Saturday, September 11, 2010

Diffusion of Responsibility at the National Level

From the Pateman reading, according to theorists like Rousseau, Mill, and Cole, the participatory theory of democracy states that civic participation at lower community-level spheres such as the workplace encourages face-to-face deliberation and other democratic practices that can be carried on and continued in the national political arena. Proponents of this theory believe that participation according to this logic has an educative function - it allows the public to gain democratic skills and because of this educative impact, the system will always have stability seeing that people will understand that participation/deliberation is key in decision making for the public interest (and the public interest includes one's own self-interest; we cannot be successful without the cooperation and consideration of everyone else).

What is difficult for me to accept and understand is how small community-leveled participation can still exist at its active and maximum extent at a larger national level. The theorists presume that because participants are now educated in knowing that participation is key to a working democratic system that this knowledge will always be impressed in them no matter the size of the political arena. But what citizens might also learn through participation at the community level is that there are others who share their perspectives and even with potential competing views, a consensus can still be made. In light of this, citizens may believe then that at the national level there will be an even larger number of those with similar perspectives who can represent their shared ideals and therefore, we as individuals may not feel the same obligation to participate as heavily as we did in smaller spheres.

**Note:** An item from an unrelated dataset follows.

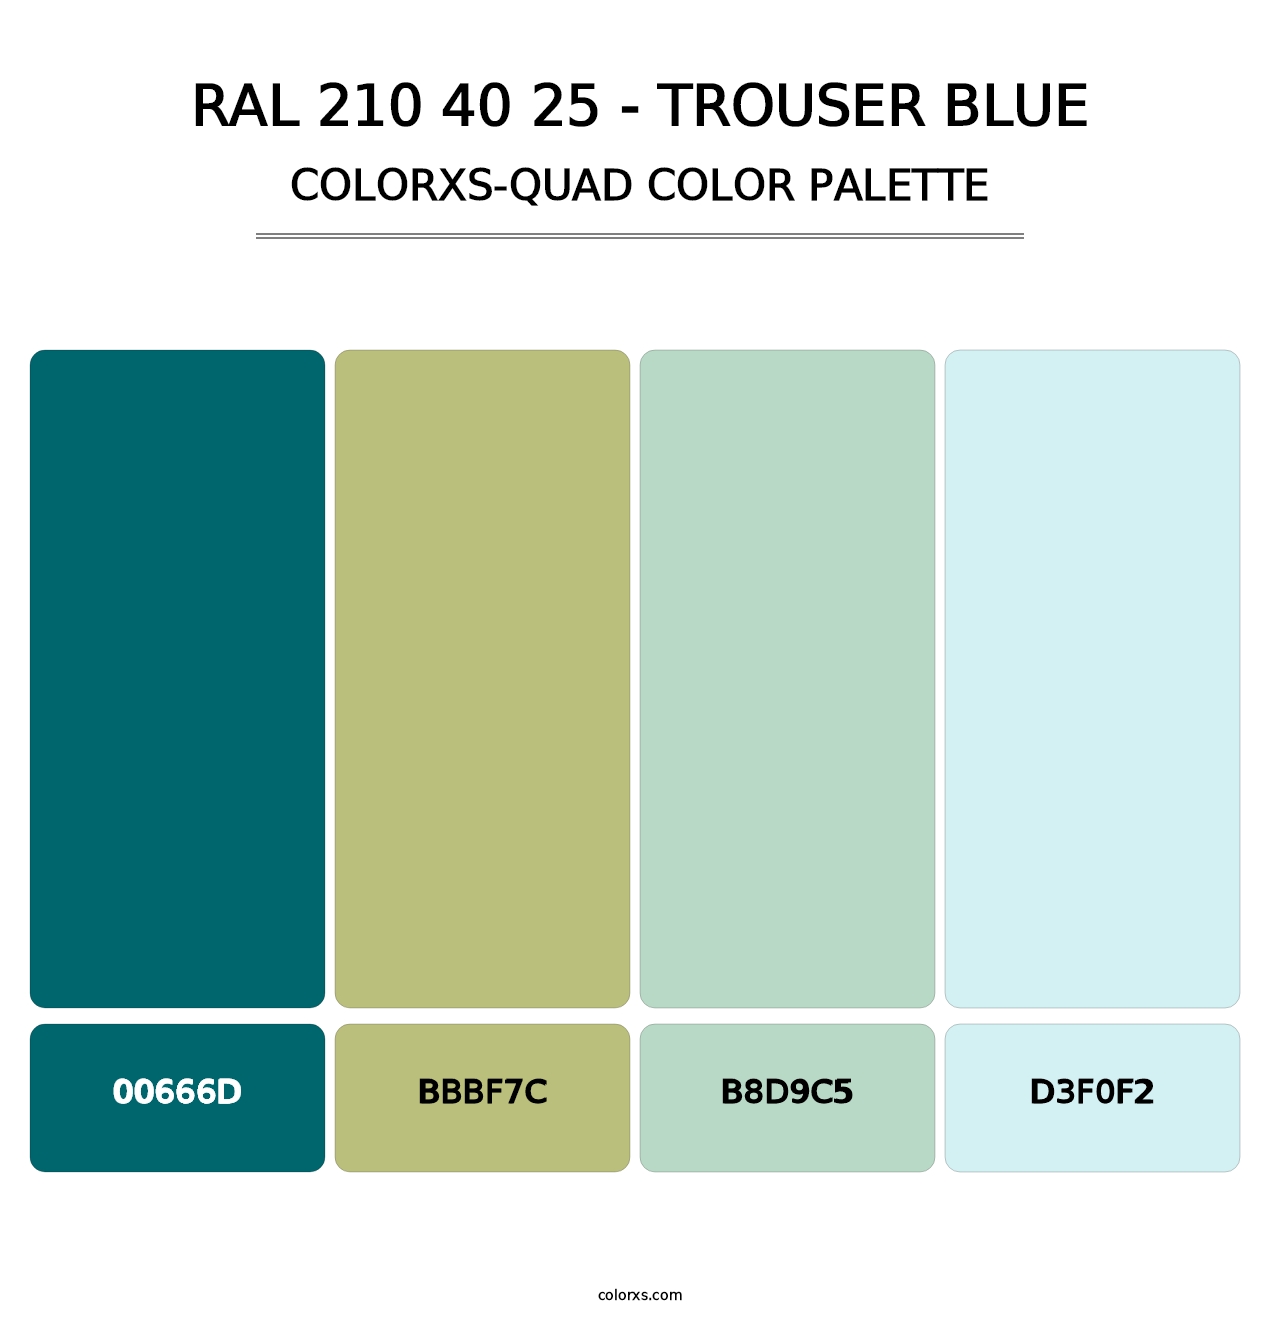 RAL 210 40 25 - Trouser Blue - Colorxs Quad Palette

It seems to be impractical for more large-scale democracies to have this face-to-face deliberation because people cannot help but consider others as tools of convenience. There is a diffusion of responsibility when the arena becomes bigger. People will assume that there are plenty of others who will compensate for their lack of participation, and they will leave it to those who may naturally be more interested and engaged in the matter. Even if one has learned that our individual contribution is necessary at the lower level, it does not automatically become instilled in one's mind when the arena is larger. In a smaller community, participation may feel necessary because it is easier to assign responsibility when there are not as many people; people may tend to loser motivation to actively participate once in a larger democratic sphere because responsibility is not explicitly distributed as easily,and one can hide behind their lack of participation behind others' active engagement. I am not suggesting that the participatory theory is wrong, only that is may be more difficult in practice than the theorists illustrate on paper, and that meaningful contributions to decision making can still occur at the national level but maybe not by every individual.